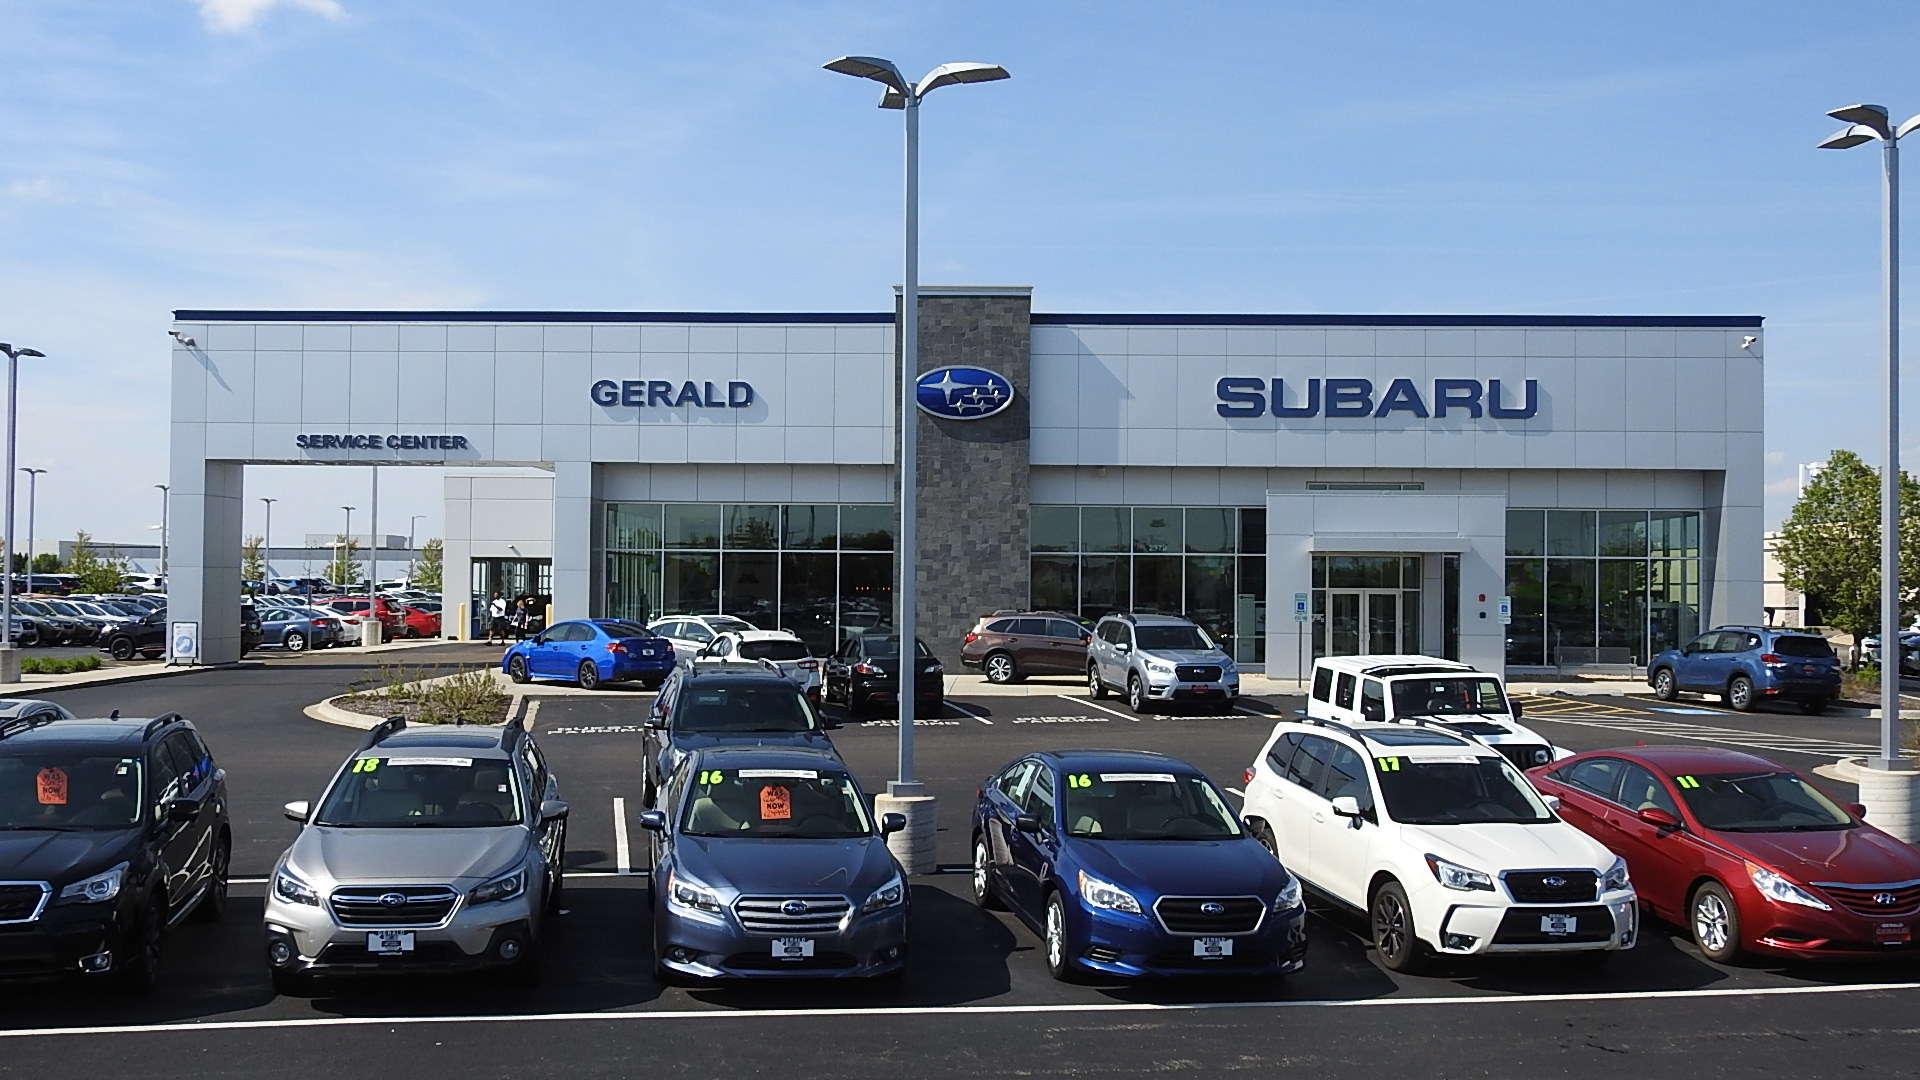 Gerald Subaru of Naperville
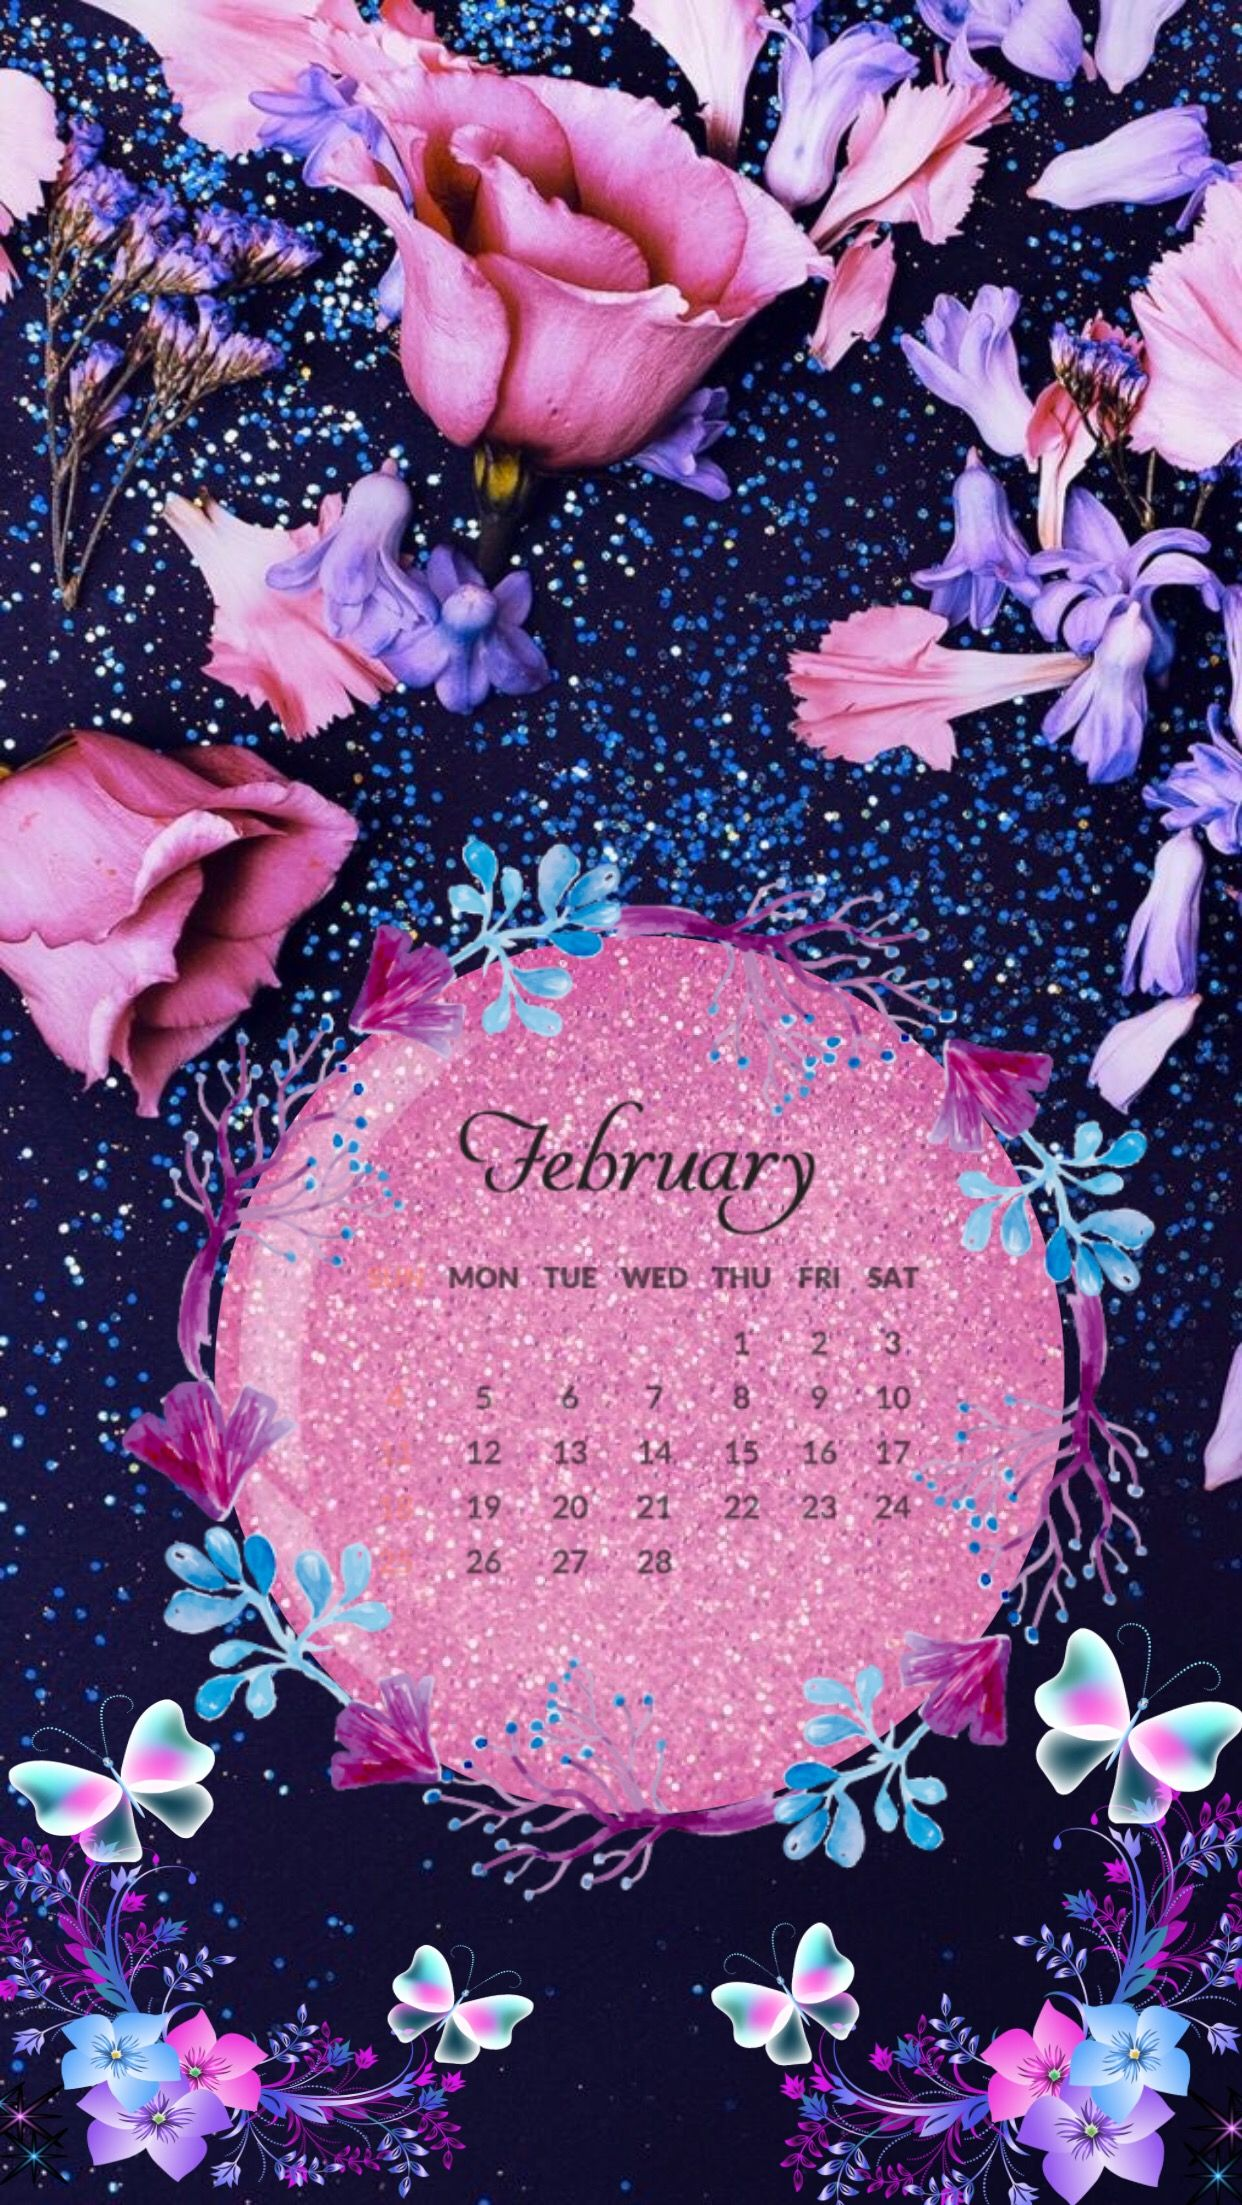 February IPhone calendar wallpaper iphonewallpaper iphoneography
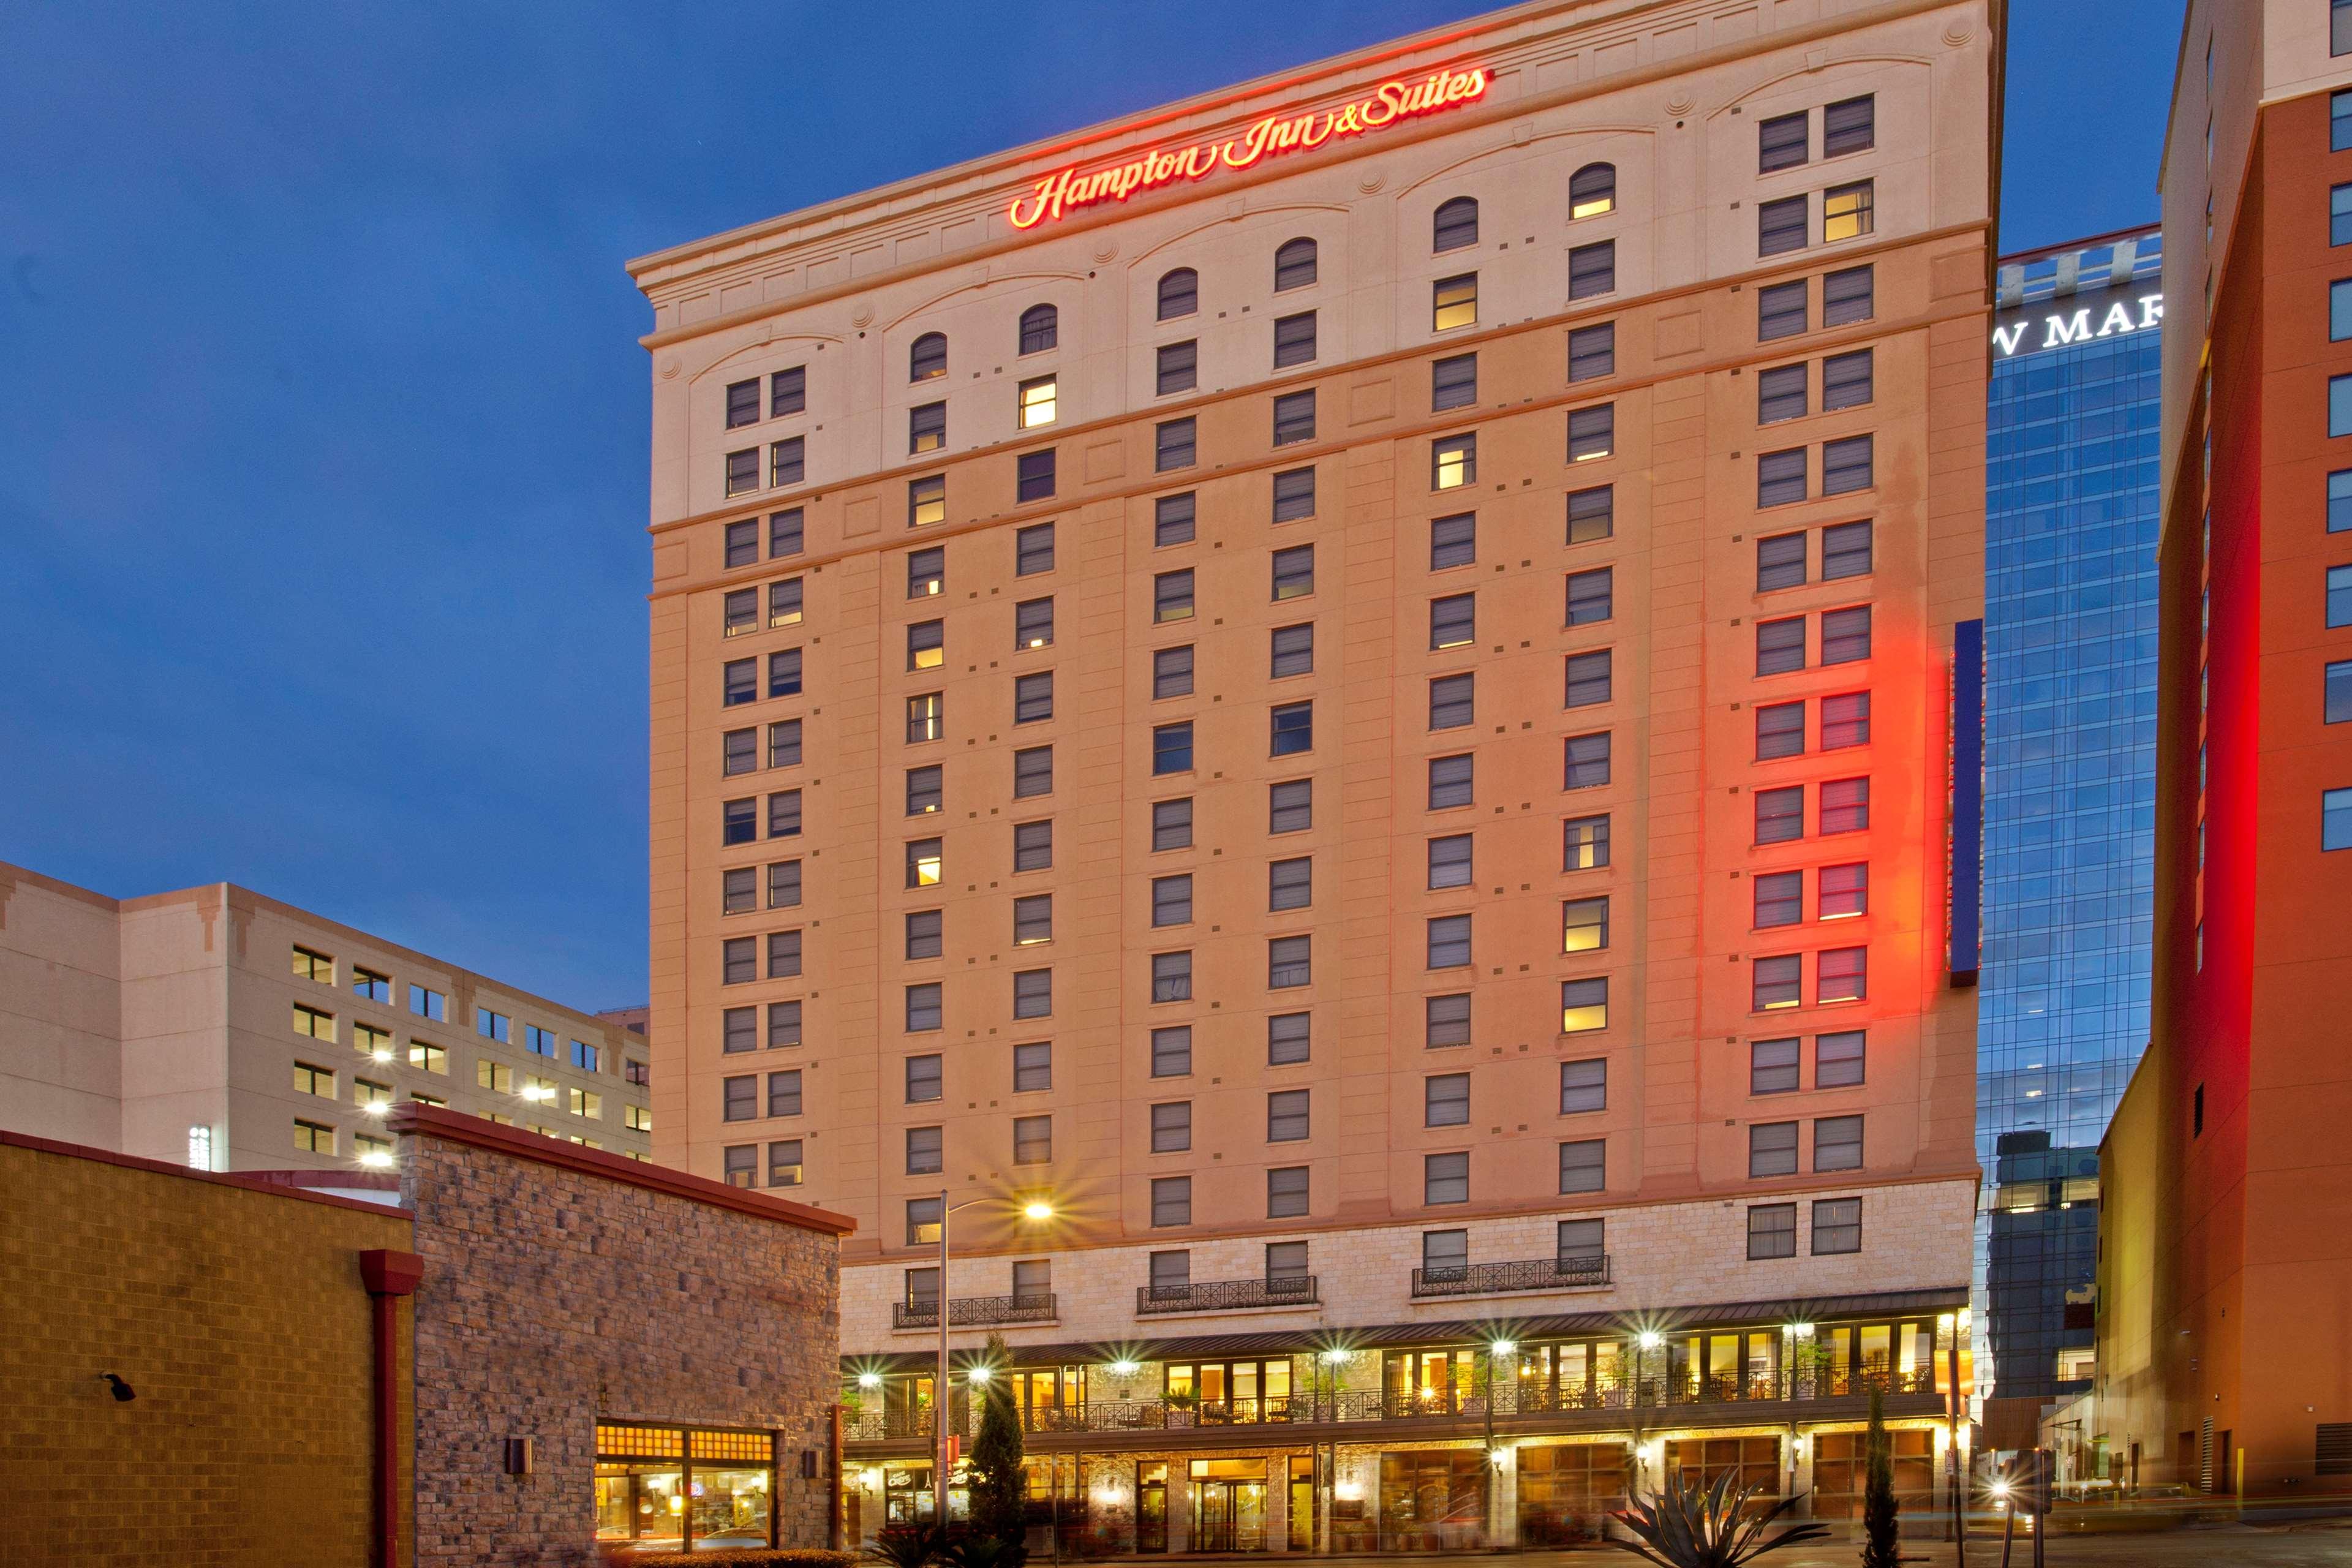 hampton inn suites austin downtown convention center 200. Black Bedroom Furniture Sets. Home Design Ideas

++++++++++++++++++++

Exercise goal:
With the line containing "February IPhone calendar" as the first line and the last line of the listing as the final one, reproduce that span exactly, without pictures.

Output below:
 February IPhone calendar wallpaper iphonewallpaper iphoneography
 hampton inn suites austin downtown convention center 200. Black Bedroom Furniture Sets. Home Design Ideas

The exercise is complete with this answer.